Comments Locked

8 Comments

Back to Article

  • ballsystemlord - Monday, November 15, 2021 - link

    The performance specs are up quite a bit and the lower sizes are quoted to perform like the larger ones. I wonder if the extra PCIe4.0 lanes really make that much difference, or if there's maybe some memory in the controller now which helps alleviate the lack of dedicated RAM.
    The previous gen 1TB was quoted at 2300MB/s R 1800MB/s W 390k IOPS RR 200k IOPS RW. It also specified the drive used 3.7W. This gen doesn't mention power consumption. I wonder if it's any worse, or if the improvements in the flash and controller have offset any additional power usage.
  • cyrusfox - Monday, November 15, 2021 - link

    Endurance figures? or am I blind, as it is TLC what quality we looking at 600 cycles? 1000? 2000?
  • Oxford Guy - Thursday, November 18, 2021 - link

    Does this company have any record of silently replacing the NAND with something inferior? So many companies have been caught that consumers have to take a lot of specs with a grain of salt.
  • twotwotwo - Monday, November 15, 2021 - link

    > A simple two-chip solution on such a large PCB is unremarkable, but it would allow the BG5 to be easily inserted into systems that are designed to take (and typically use) 2280 drives.

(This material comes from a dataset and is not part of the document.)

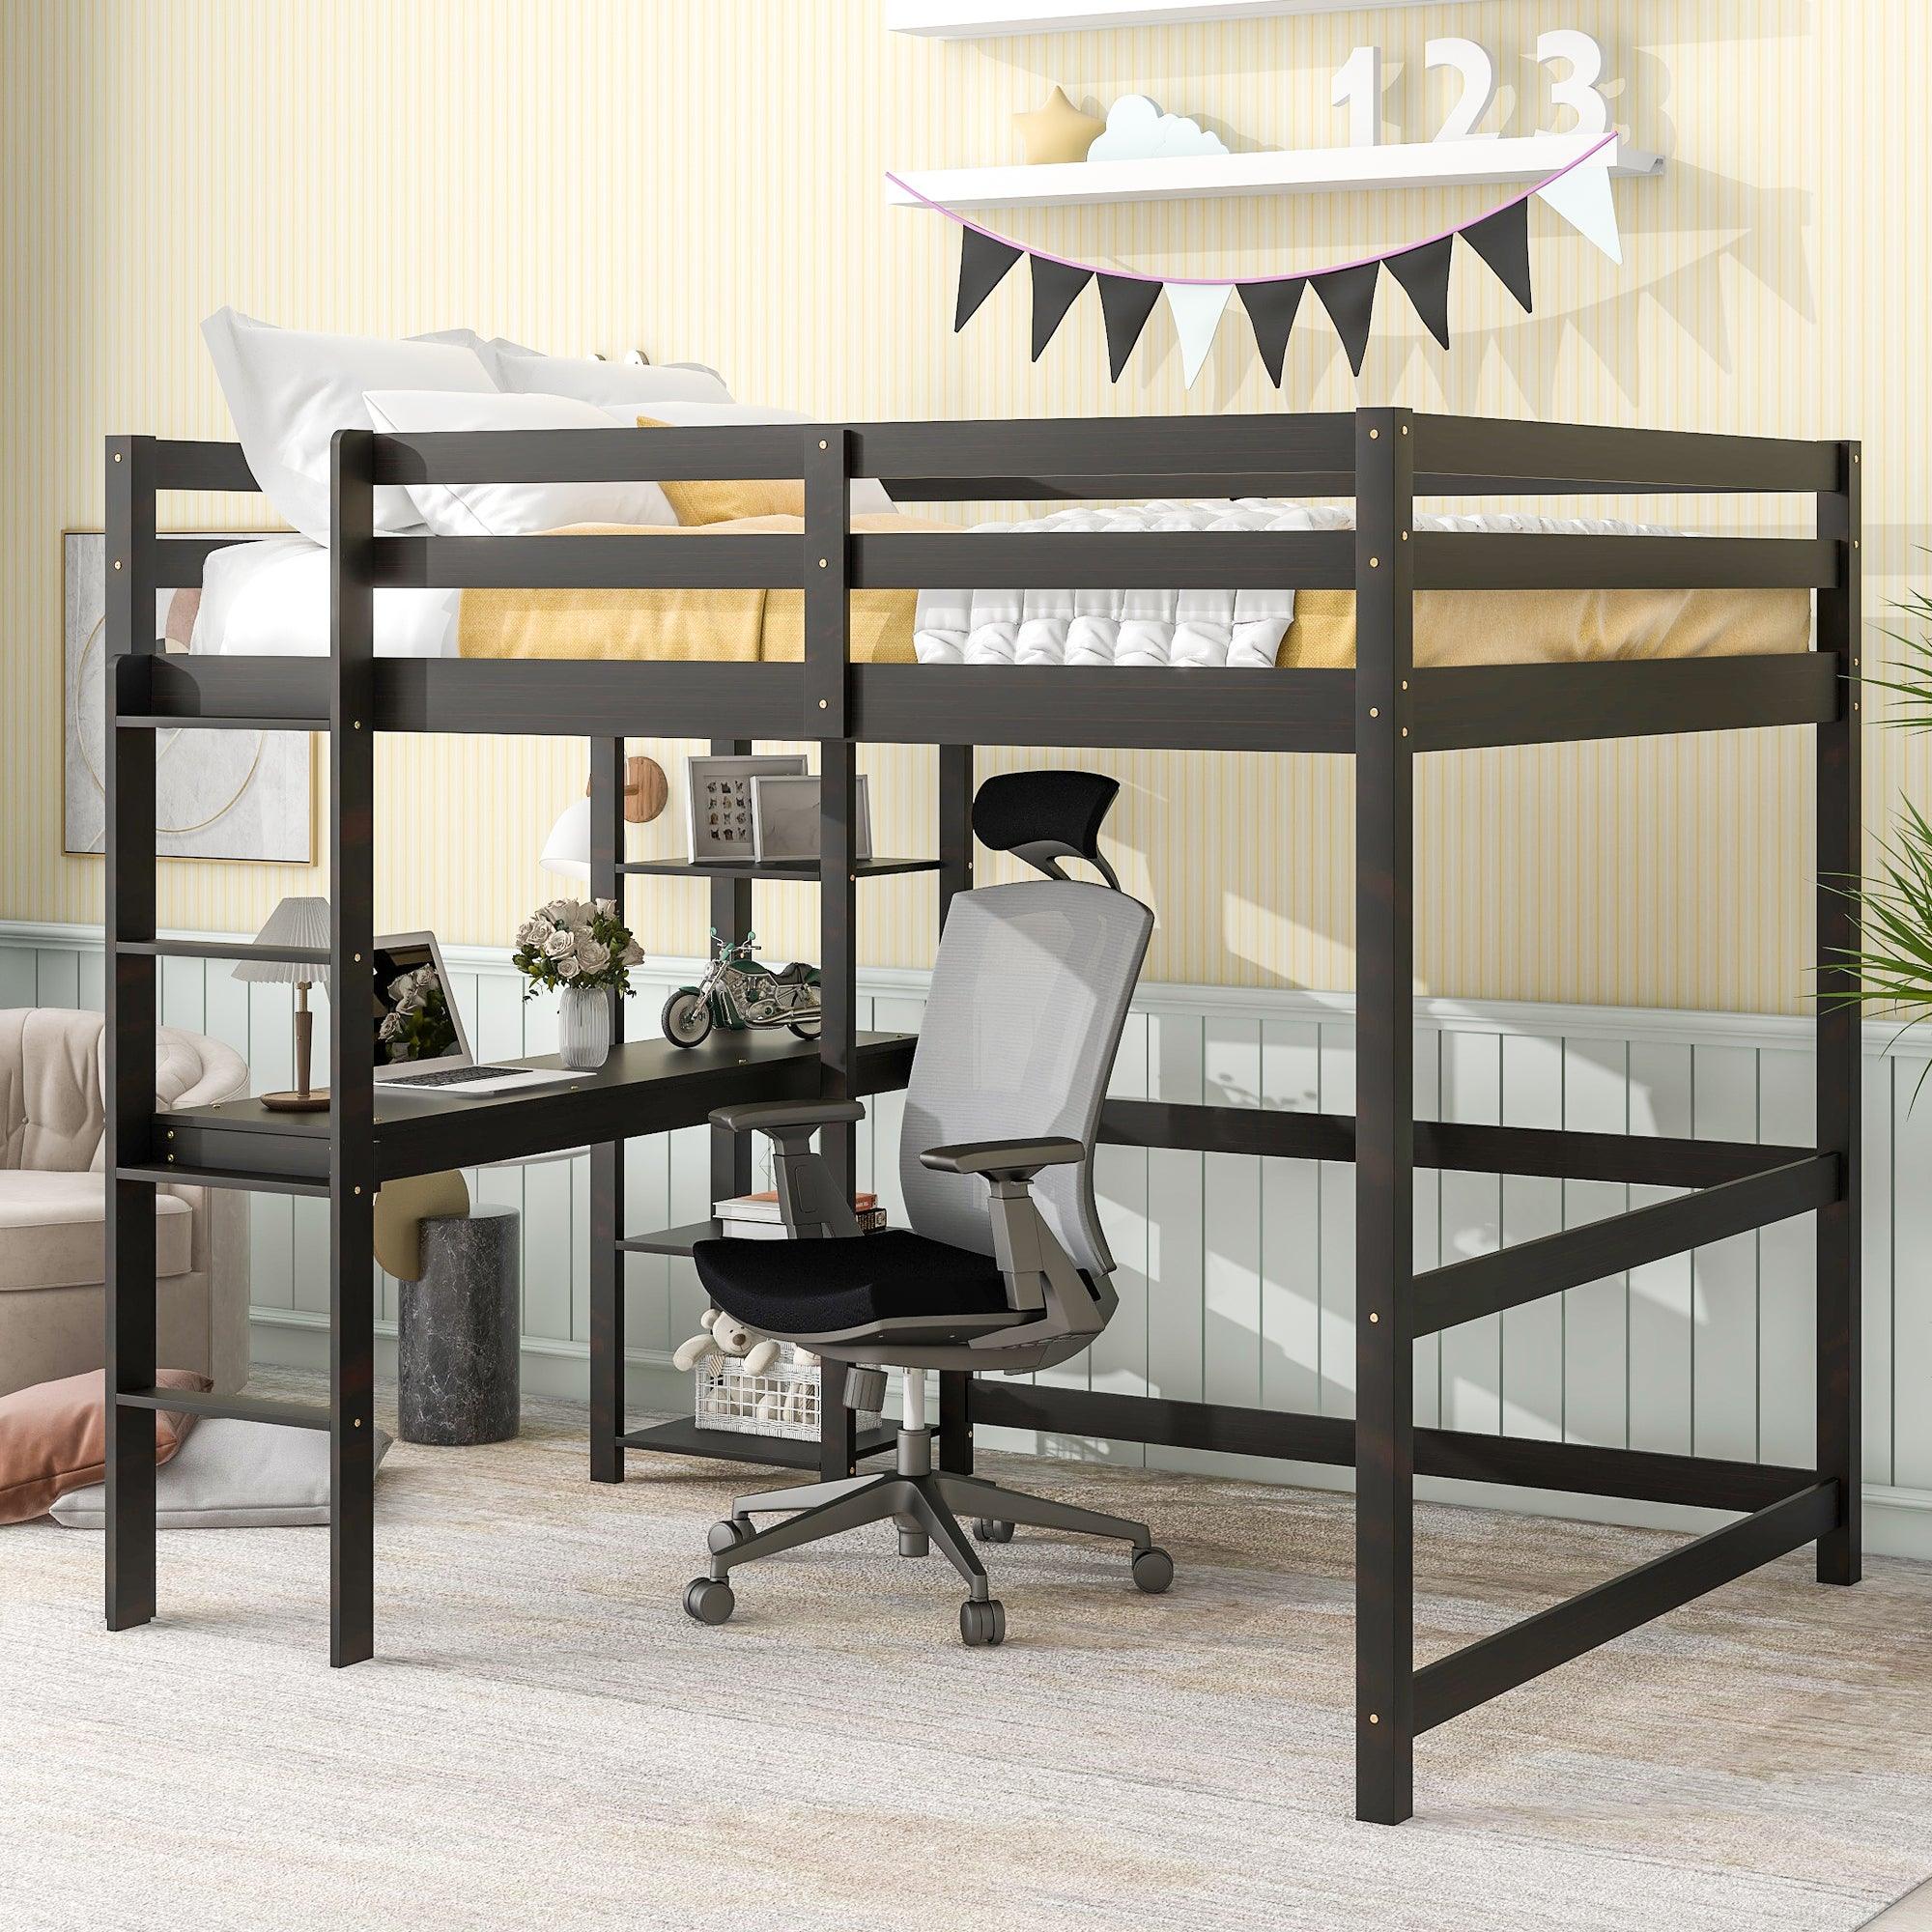 Full Loft Bed With Desk And Shelves, Perfect For Kids, Espresso

    Like the WD Blue: practically a 2230 or 2242 drive with a length of blank PCB so it fits 80mm slots.
  • dwillmore - Monday, November 15, 2021 - link

    Why pay the power penalty for PCI-E v4 when only using v3 worth of speed?
  • meacupla - Monday, November 15, 2021 - link

    I'd guess it's for marketing purposes.

    System builders hardly ever list the speed of the drives that they are using, but having a PCIe 4.0 SSD can be marketed as a feature.

    The reason why system builders hardly ever list the speed, or any of the specs for that matter, of the SSD they use, is because they use whatever they can source. In fact, system builders will straight up use slower drives, if their preferred performance drives cannot be sourced. Yes, this absolutely results in magically slower PCs in batch D, despite batches A~C being as fast as review samples.

    And since this drive is intended for the OEM market, it's quite obvious that speed is not going to be listed as a key selling point.
  • dwillmore - Monday, November 15, 2021 - link

    No arguement here. I guess it gives them the flexability to only wire up 2x PCI-E v4 lanes and use the other ones for something else. While simultaniously being able to use the same card in older v3 devices without sacrificing performance.
  • blanarahul - Tuesday, November 16, 2021 - link

    I think that is the main reason. This drive will be fitted in PCIe 3.0 x4 slots as well and will get 99% of the performance in it.